# Interpret Lamentations?



## Stope (Dec 19, 2016)

In reading Lamentations, how should I read when desiring to do so in a "devotional" sense:
1. Identify myself with Israel (before my salvation)?
2. Identify myself with Israel (now that I have salvation)?
3. Other?


----------



## arapahoepark (Dec 19, 2016)

This might help:
http://www.livingstonefellowship.co...y-lamentations&catid=8:bible-study&Itemid=101


----------



## jwithnell (Dec 19, 2016)

Perhaps this is better stated, how does God address His people of which I am a part? A people facing his righteous judgment? A people doomed aside from His mercy? A people in exile awaiting His glorious New Jerusalem? A people who can declare in the depth of despair: great is your faithfulness!


----------



## Stope (Dec 19, 2016)

Those are both kind responses, but the link is more standard exegesis for the context, and the second response was a piece by piece... But my question is, from the highest level, how do I as a Christian identify, or NOT identify, with Israel and their captivity?


----------



## Contra_Mundum (Dec 19, 2016)

Is there a specific reason why, in order to be devotional (?), each portion of Scripture must be read with ME as the subject?

May I identify with Jeremiah, the human author? May I weep with him over sin and its consequences? It certainly isn't a dispassionate investigation. I am a part of the consequences, and feel the effect of those consequences.

In terms of the covenant of works, I am a part of the whole human race that languishes under the judgment of God. In terms of the outward administration of the covenant of grace, I may be part of a church-in-decline, one which may have "Ichabod" written over it's door, or about to have it's lampstand removed.

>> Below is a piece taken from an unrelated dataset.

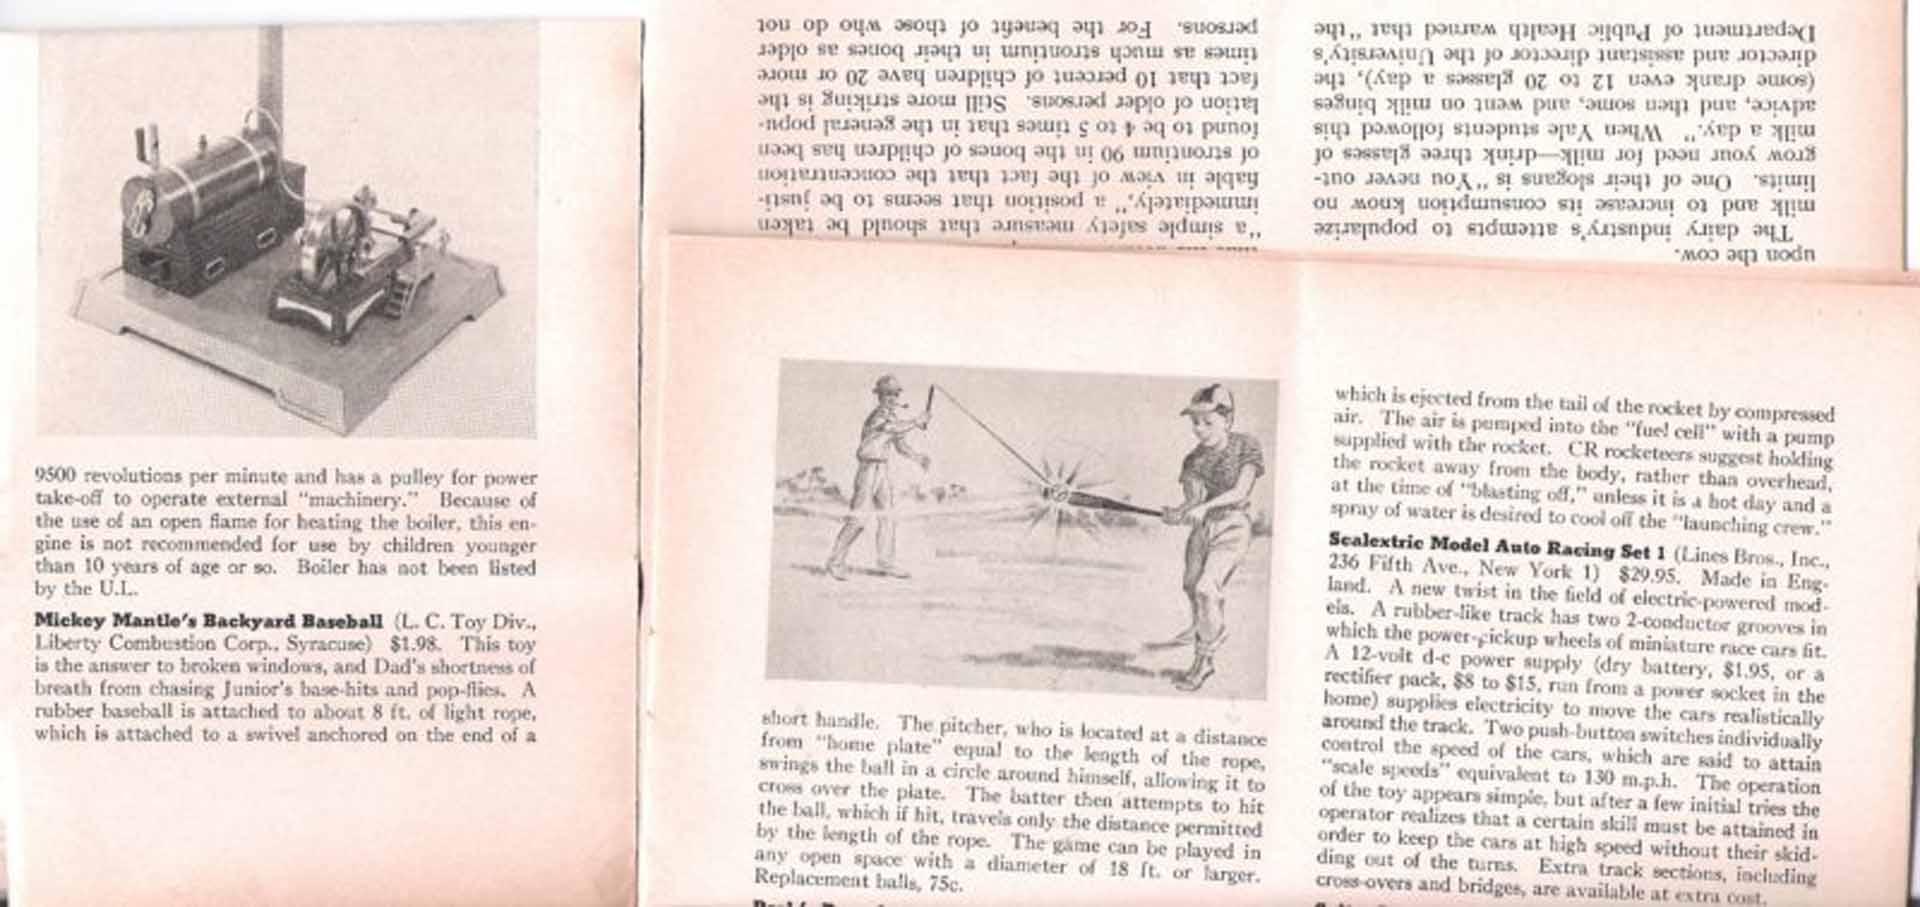 1959 consumer bulletin november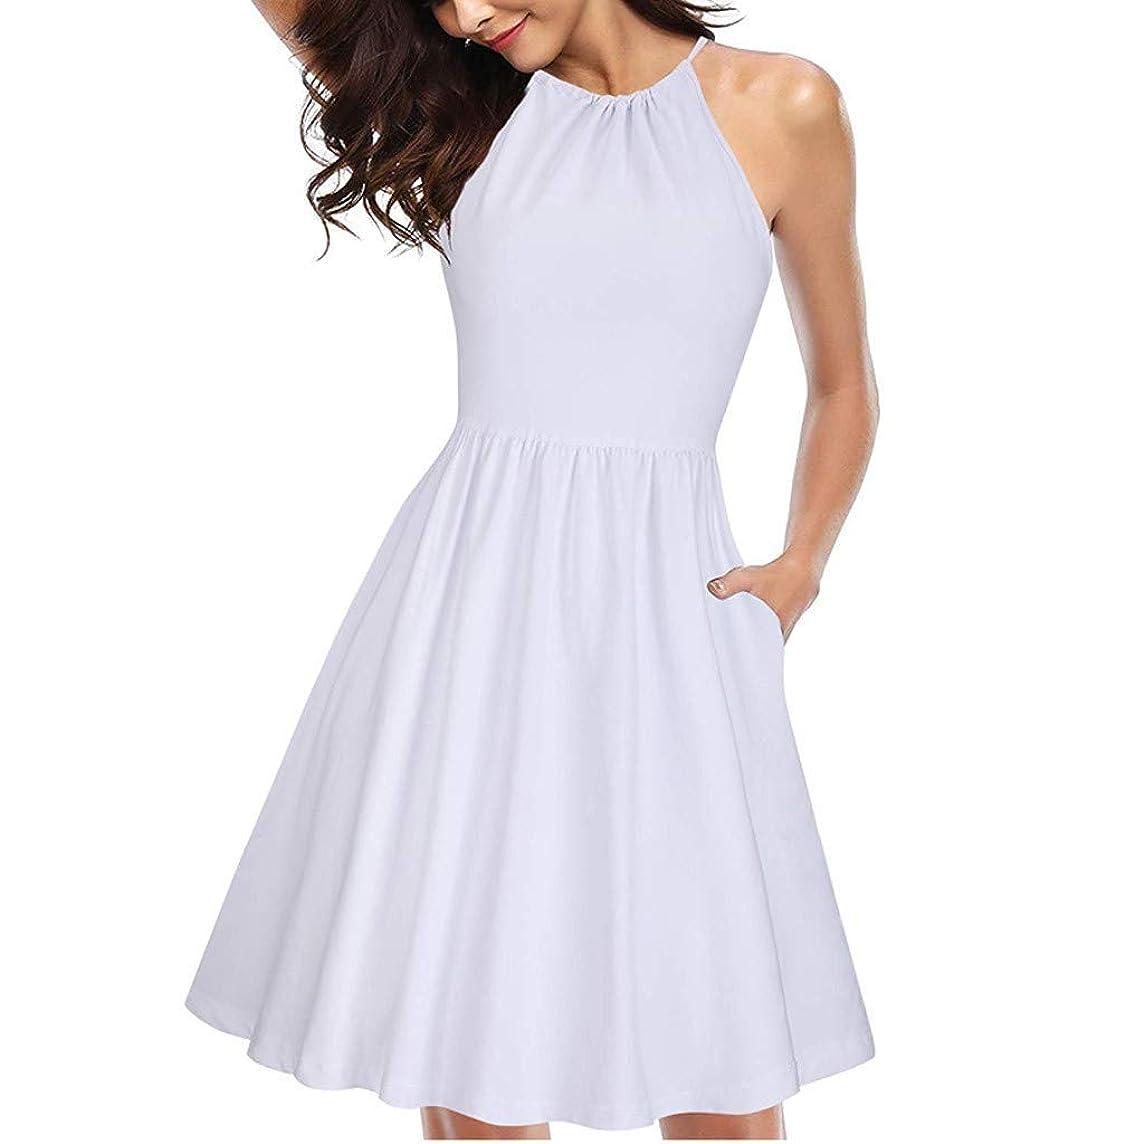 Women Mini Dress Sleeveless High Waist Slim Fit Flare Skater Mini Tank Dress Above Knee Length Short Dress with Pocket

Then, there's the fact that Jeremiah is himself a type of the Man of Sorrows. These words are above all Christ's words, as he weeps over the appalling results of sin, even sin that overtakes those who have had every advantage.

Then, there's the fact that no one ever suffered as Jesus suffered. The beauties of Jerusalem and the Temple are the beauties of him, of his Person and his body. The devastation Jerusalem undergoes is the punishment deserved; but it is only a pale illustration of the death of Christ--and his was fully undeserved. The wrath poured out on Jerusalem is insignificant (viewed from the highest level) compared to the wrath poured out on Jesus.

And yet, in the depths of his woe the Savior declares: "Great is thy faithfulness, O God my Father."


----------



## Stope (Dec 19, 2016)

What I simply mean is this:

Jeremiah was written to a certain people (different than me) in a certain situation (different than mine), and I want to know how to get the most i can from the teaching of the book, but since there is so much difference Im not so sure how to do that (hence the OP).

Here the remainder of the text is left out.